Marianela de la Hoz (June 14, 1956) is a Mexican painter. She has lived in San Diego, California for six years now where she continues to work. Her artwork follows the tendencies of the aesthetic trend called Hemofiction in which blood, consciousness, irony, time and space are its structural axes. In this trend the dominant instincts of the characters are revealed, producing an encounter with the own individual's identity, moving towards the unique being's interior.
==Painting style==
Her work is nourished by literary arguments, not to produce illustrative texts, but as the source from where the internal problems of the human being emerge. It is in literature where she finds those extremely unusual visual codes that allow me to depict that human side that we persist in hiding, the "unpleasant" face of real life, stories drawn from the immediate familiar surroundings, where vicious or pervert characteristics, seemingly unnoticed but present, take relevance to induce shocks in the spectator who is looking at prodigious portraits of what we all really are.

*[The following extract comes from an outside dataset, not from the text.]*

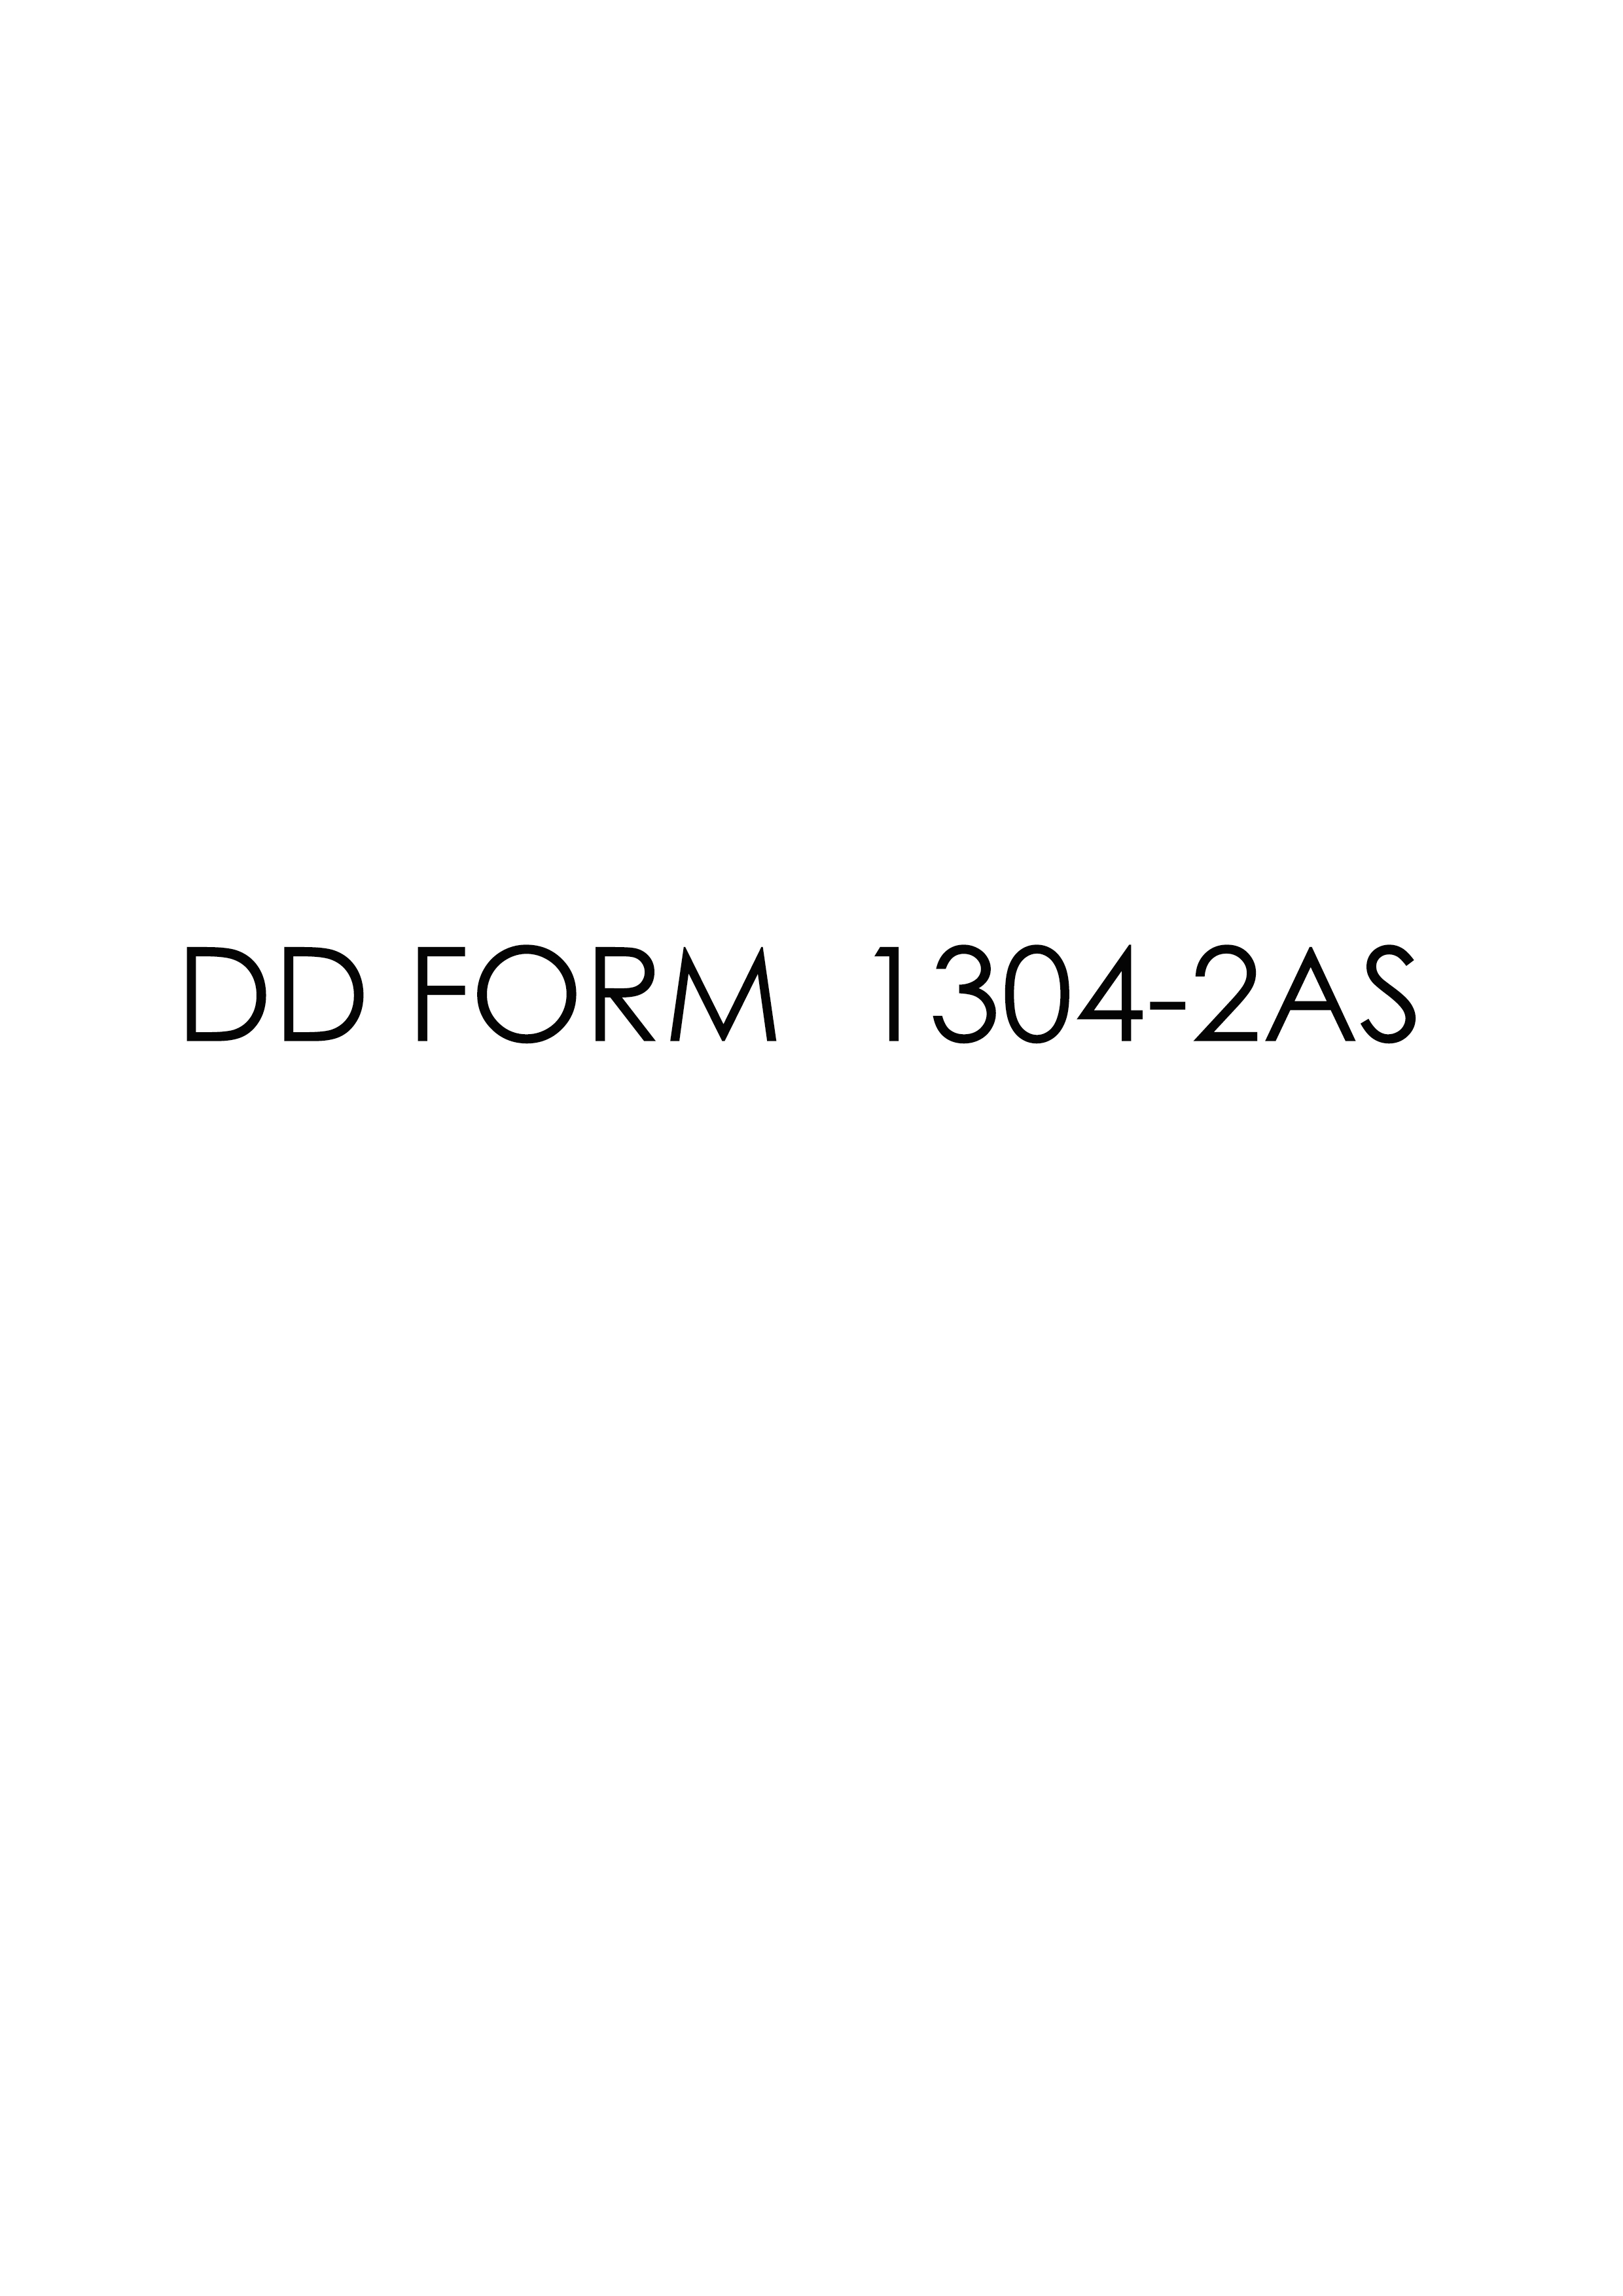 Download dd 1304-2AS

Inside this pictorial-literary world, precise limits don’t exist, its contents unleash my imagination giving as a result an inexhaustible source of images, she deals with the material and immaterial, the ordinary and extraordinary. She think about the knowledge we have of ourselves, the way we live, love and dream, she talks about love, death, hopes, the present and the past and above all the visual iconography that she works with is that of the terrible, the amoral, resulting in realistic characters with magical details, zoomorphism, disproportions and exaggerations that talk openly about themselves, without guilt, myths or common places.

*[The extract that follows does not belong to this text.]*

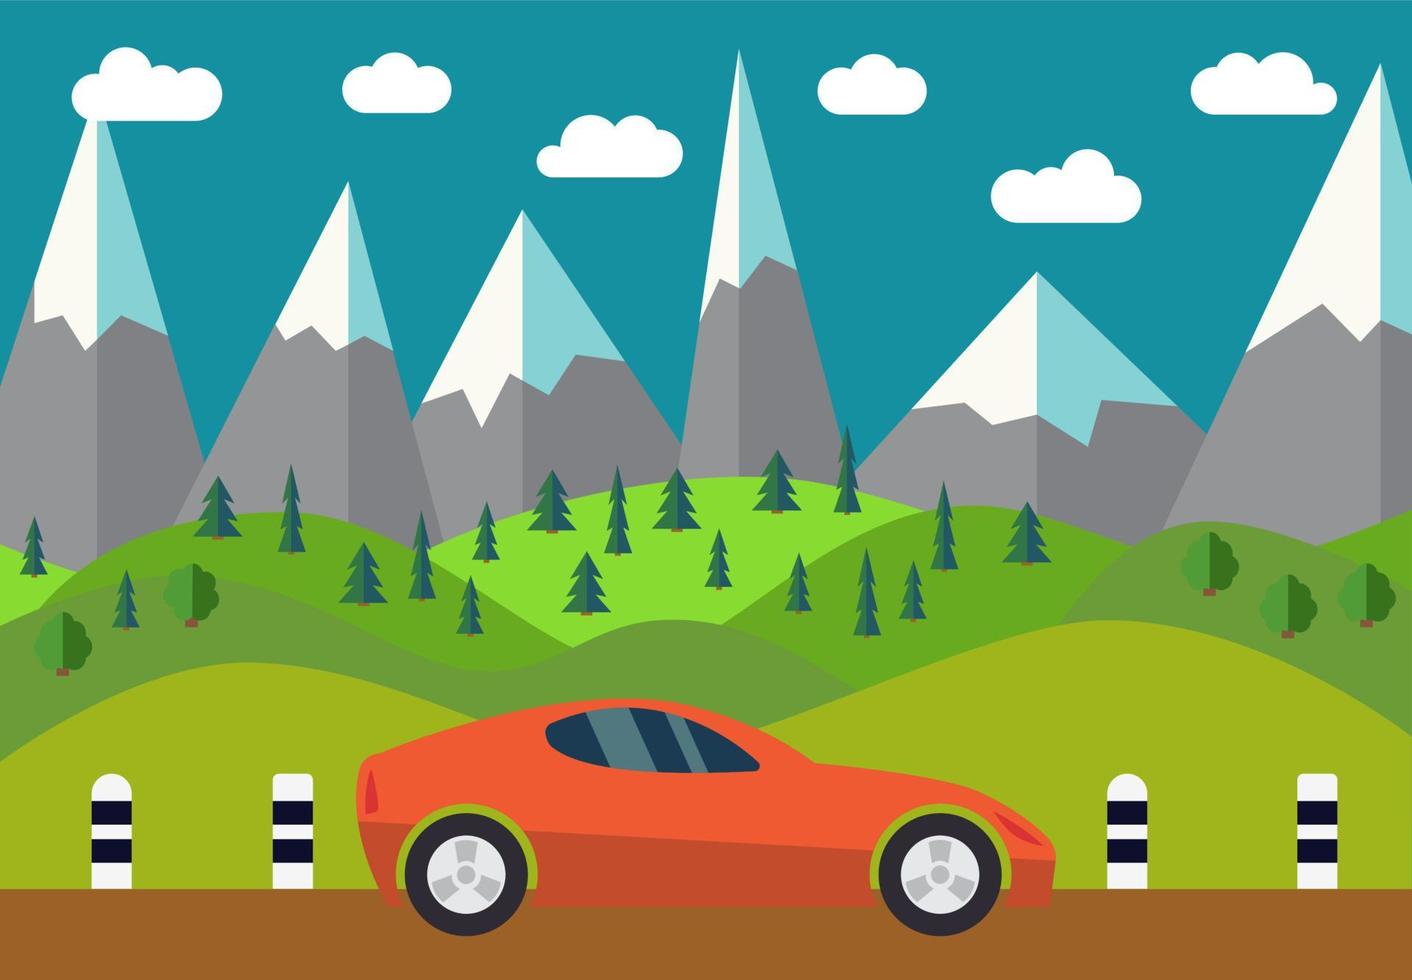 Red car on the road against the backdrop of the forest and mountains. Vector illustration.

In expressing those problems of mankind she look for reactions, she digs the feelings, hopes, anxieties, secrets, she draws them out and investigate in order to recover that childish fantasy for the adult, who also has the urge for magic, she needs to depict "stories" that will satisfy these perverse tendencies through fantasy and she finds specific models to express them as the children's imagination would.
She uses black humor and sarcasm, to express violence, destruction and sadism, through fantasy. That is why she calls it "White Violence", namely small formats in which she portrays characters whose hair is properly combed, with perfect teeth and, only when necessary, a tiny blood drop; acting an extreme situation.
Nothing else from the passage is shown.